BRIEF:
Write again exactly the lines in the listing below, starting at the line with "747-400 B-2472 中国北京首都国际机场" and ending at the line with "David B Phillips", both included. Pictures are not copied.

RECORDS FOR THIS TASK:

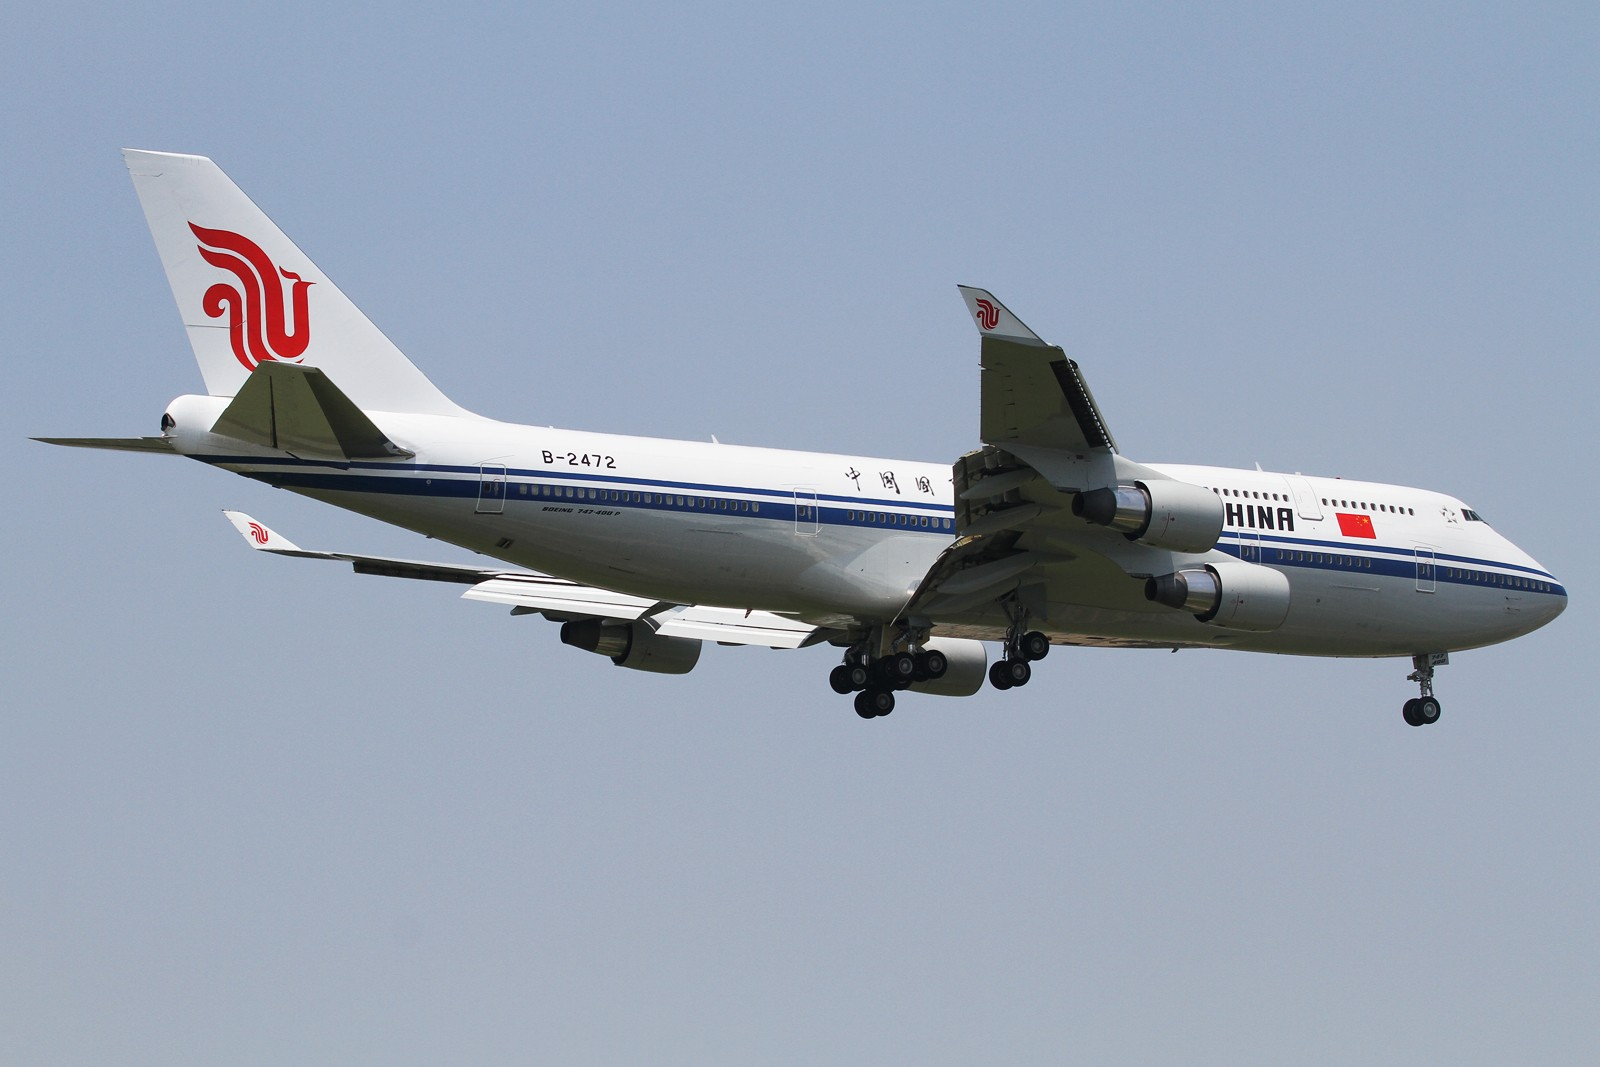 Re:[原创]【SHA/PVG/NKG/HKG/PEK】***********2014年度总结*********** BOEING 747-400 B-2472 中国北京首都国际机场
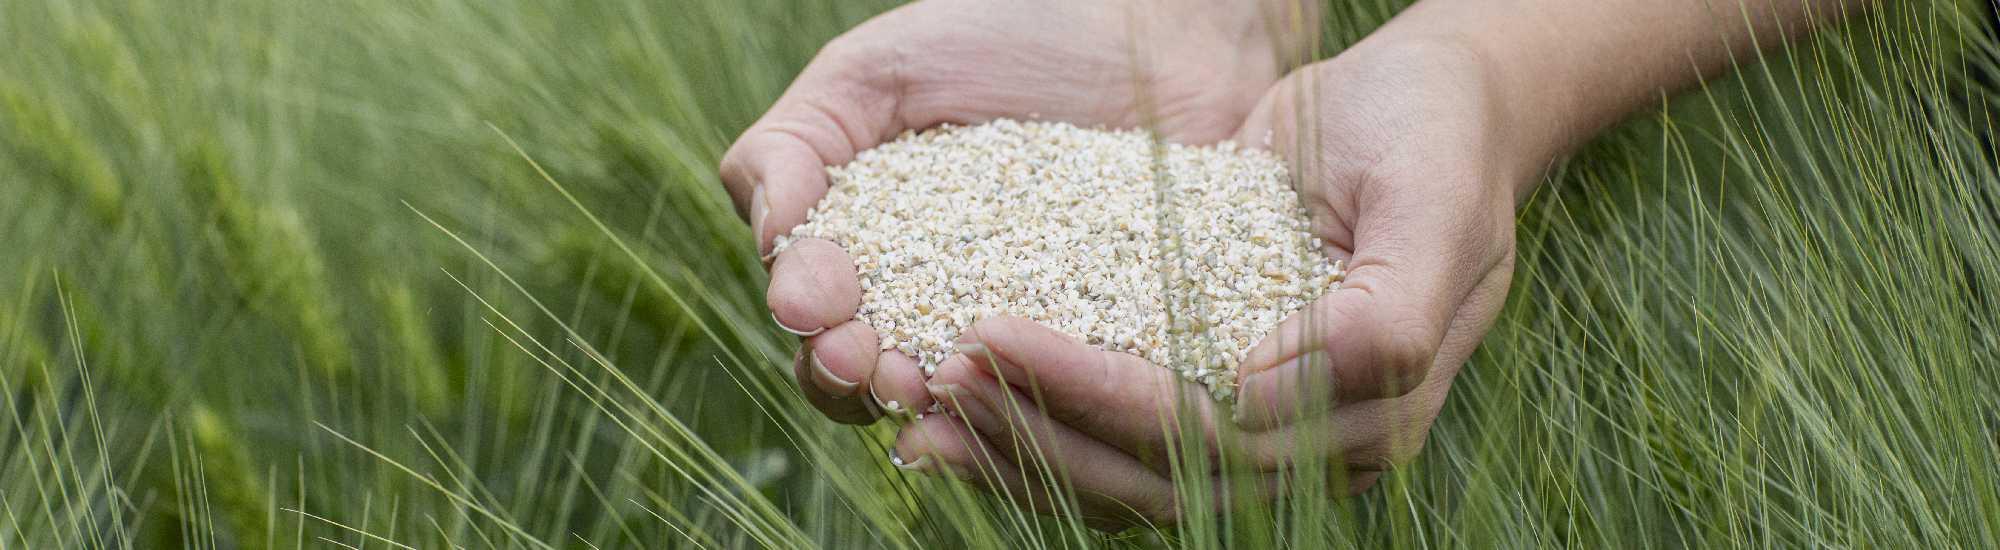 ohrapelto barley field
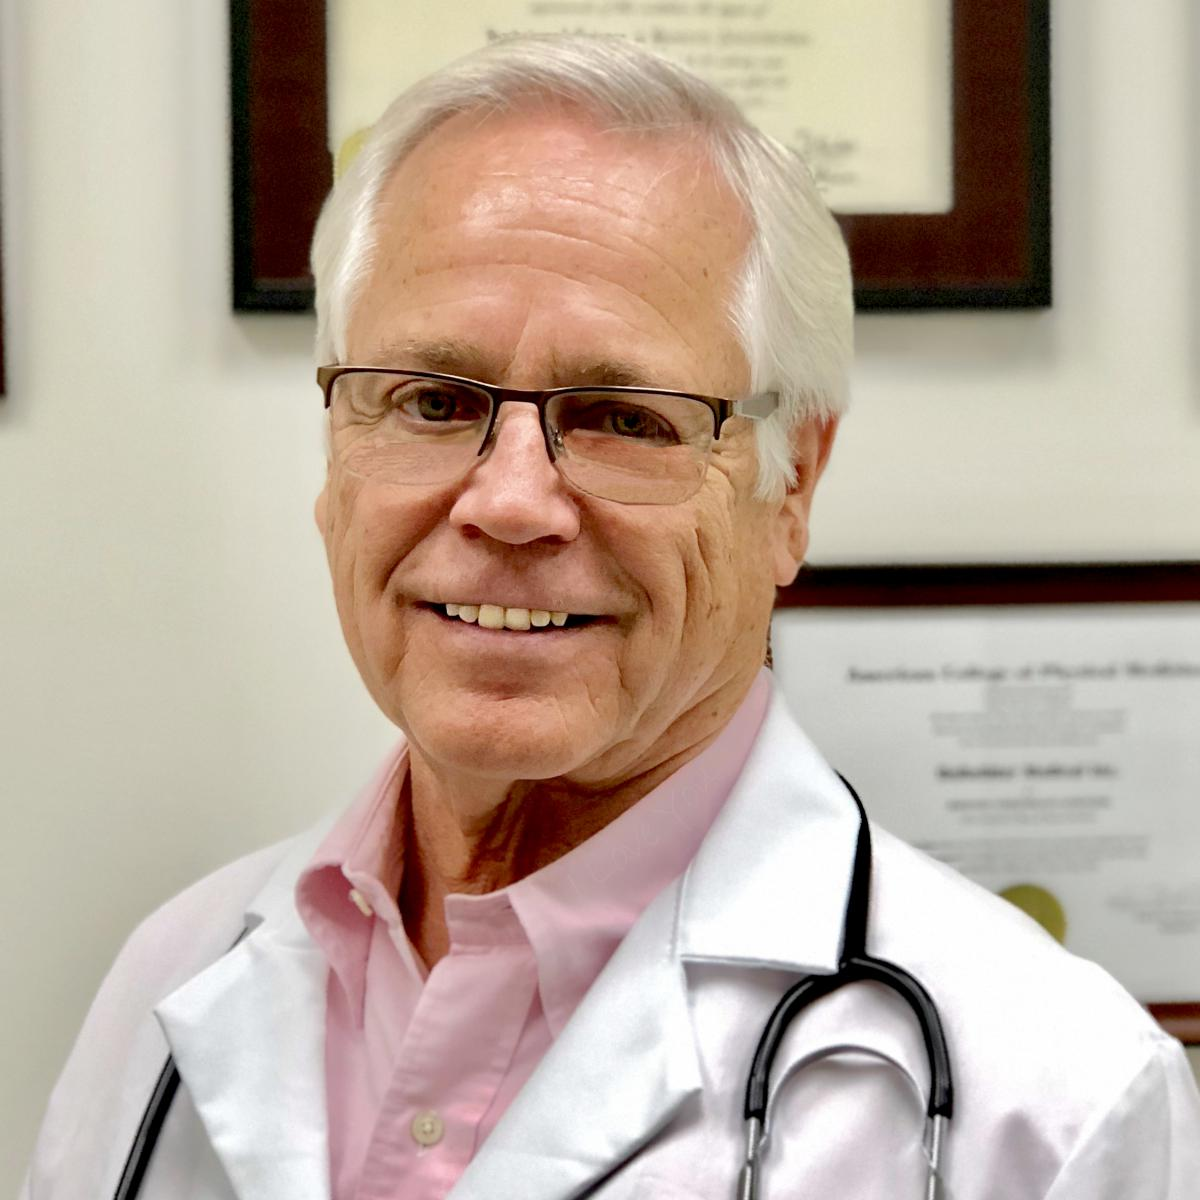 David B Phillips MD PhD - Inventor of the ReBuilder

==

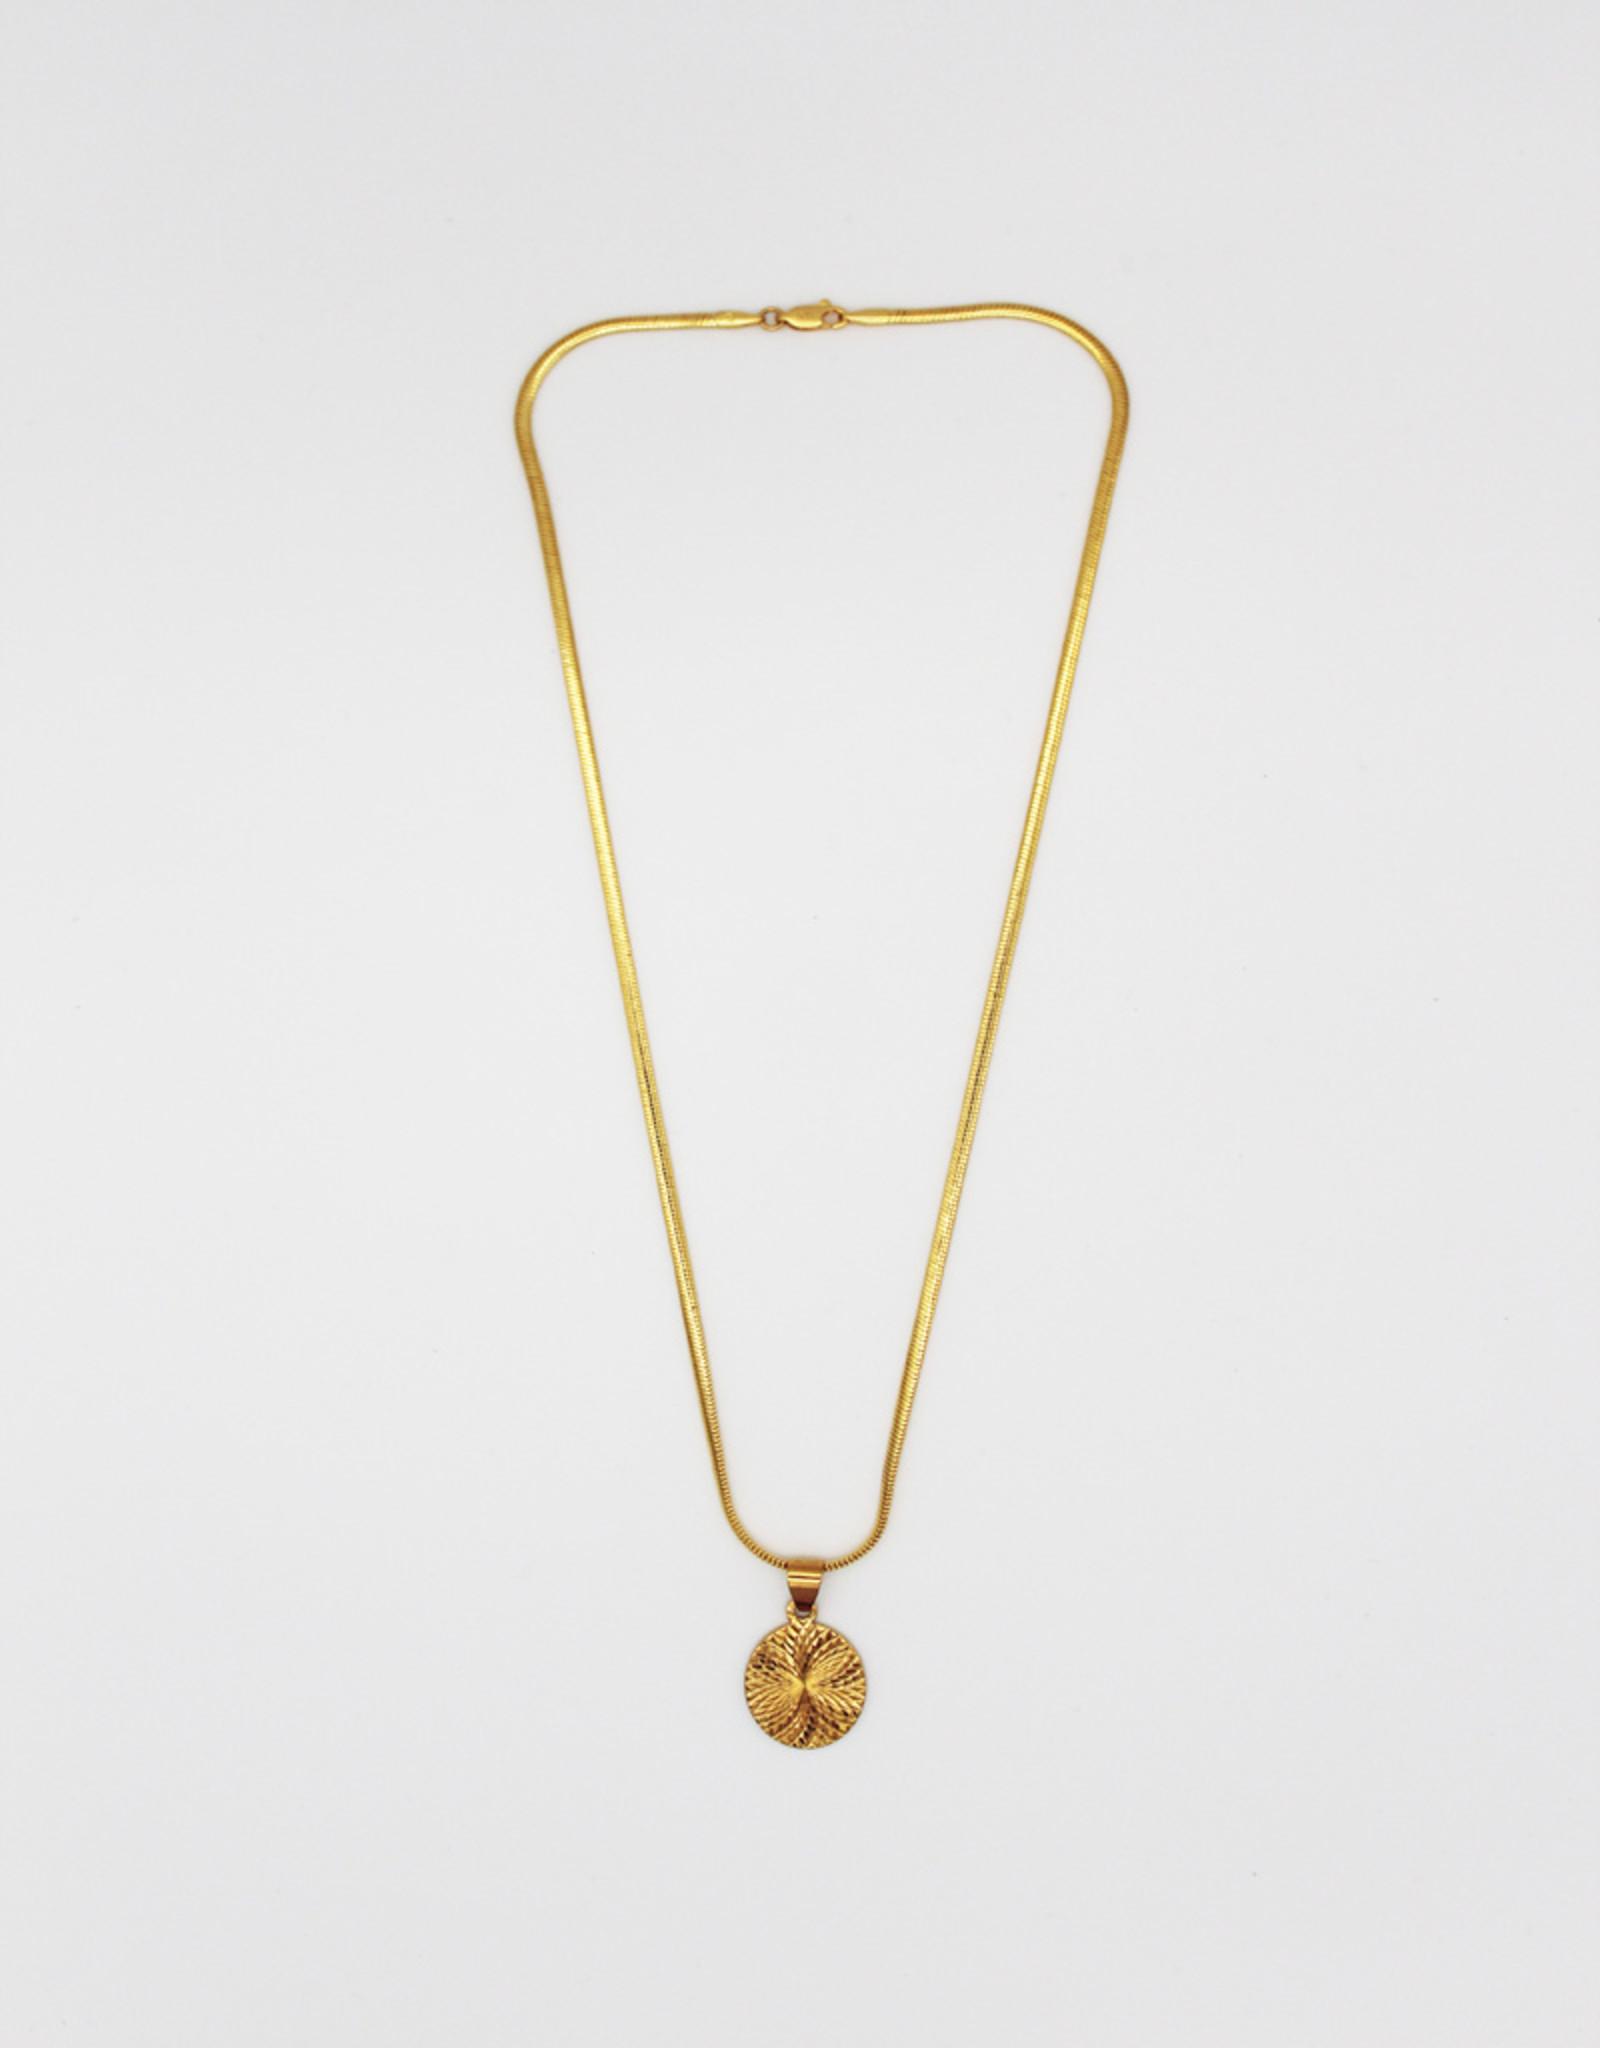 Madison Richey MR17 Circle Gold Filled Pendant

...

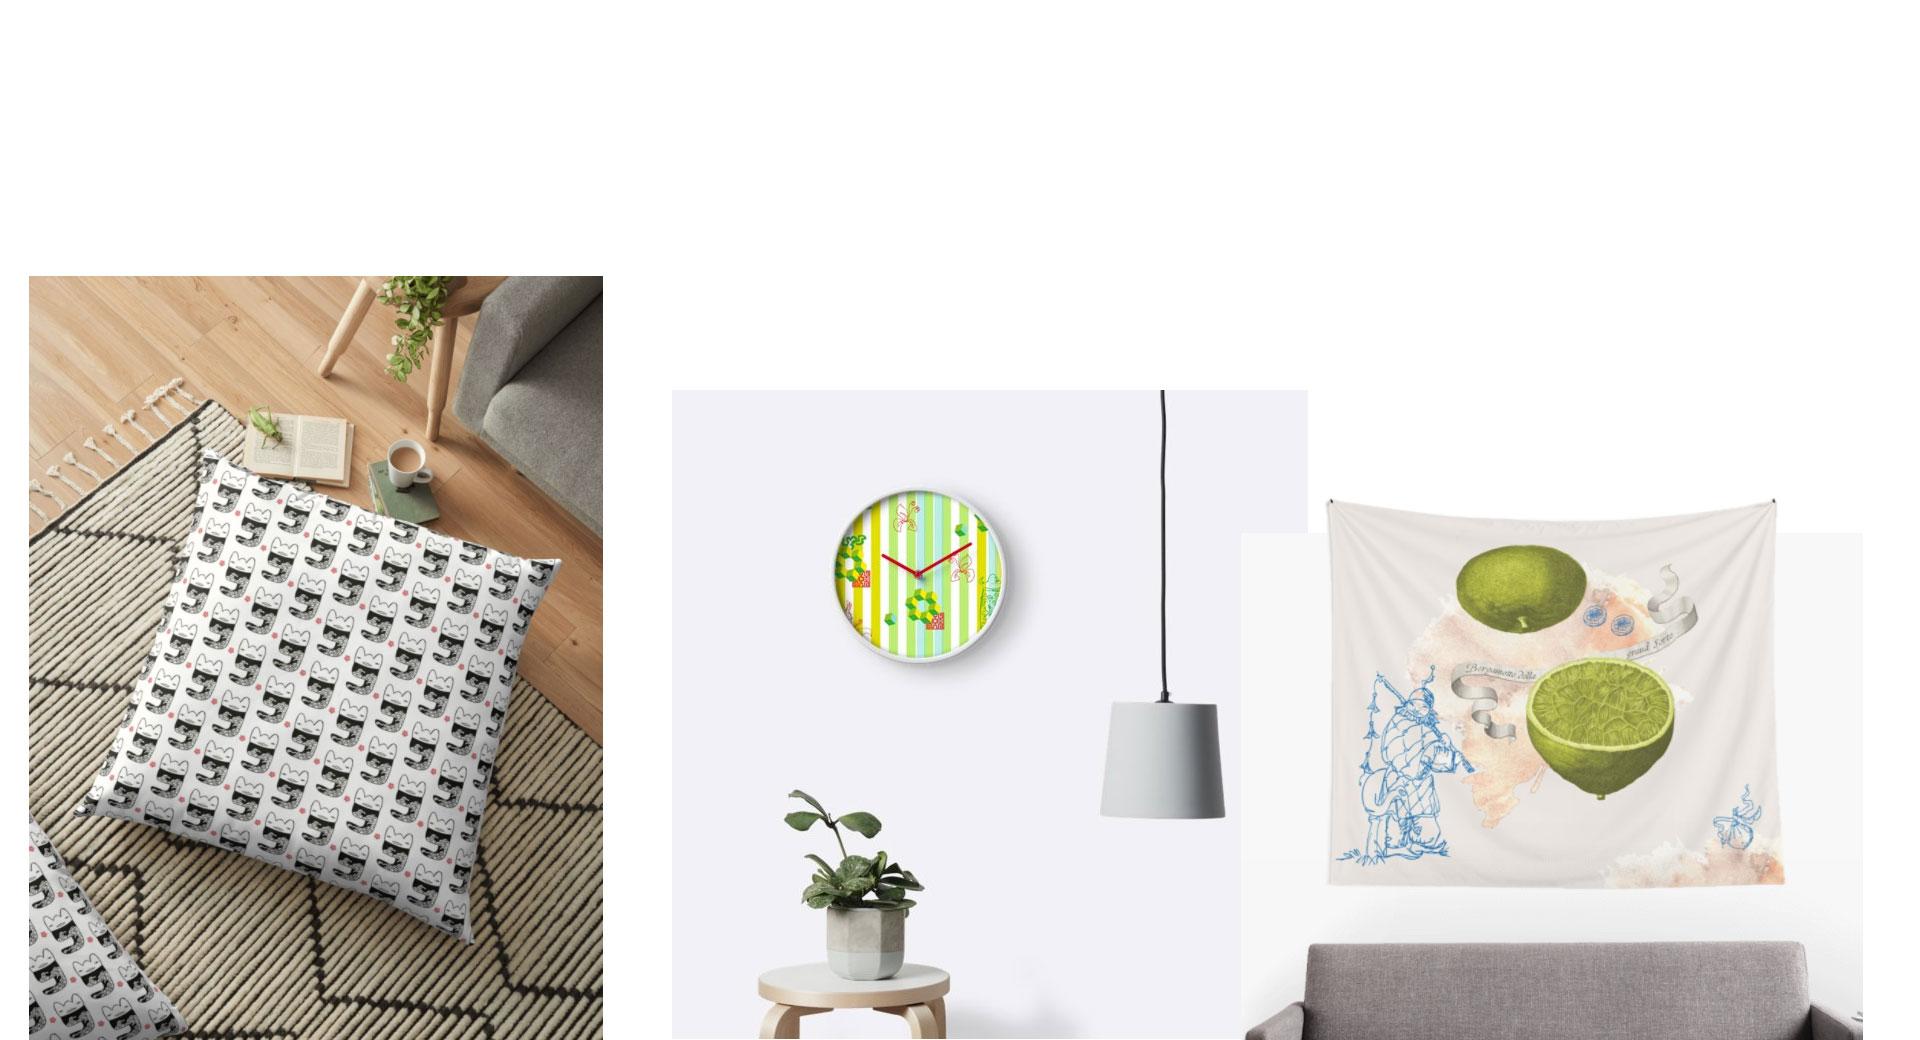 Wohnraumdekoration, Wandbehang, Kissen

COMPLETED EXERCISE:
 Re:[原创]【SHA/PVG/NKG/HKG/PEK】***********2014年度总结*********** BOEING 747-400 B-2472 中国北京首都国际机场
 ohrapelto barley field
 David B Phillips MD PhD - Inventor of the ReBuilder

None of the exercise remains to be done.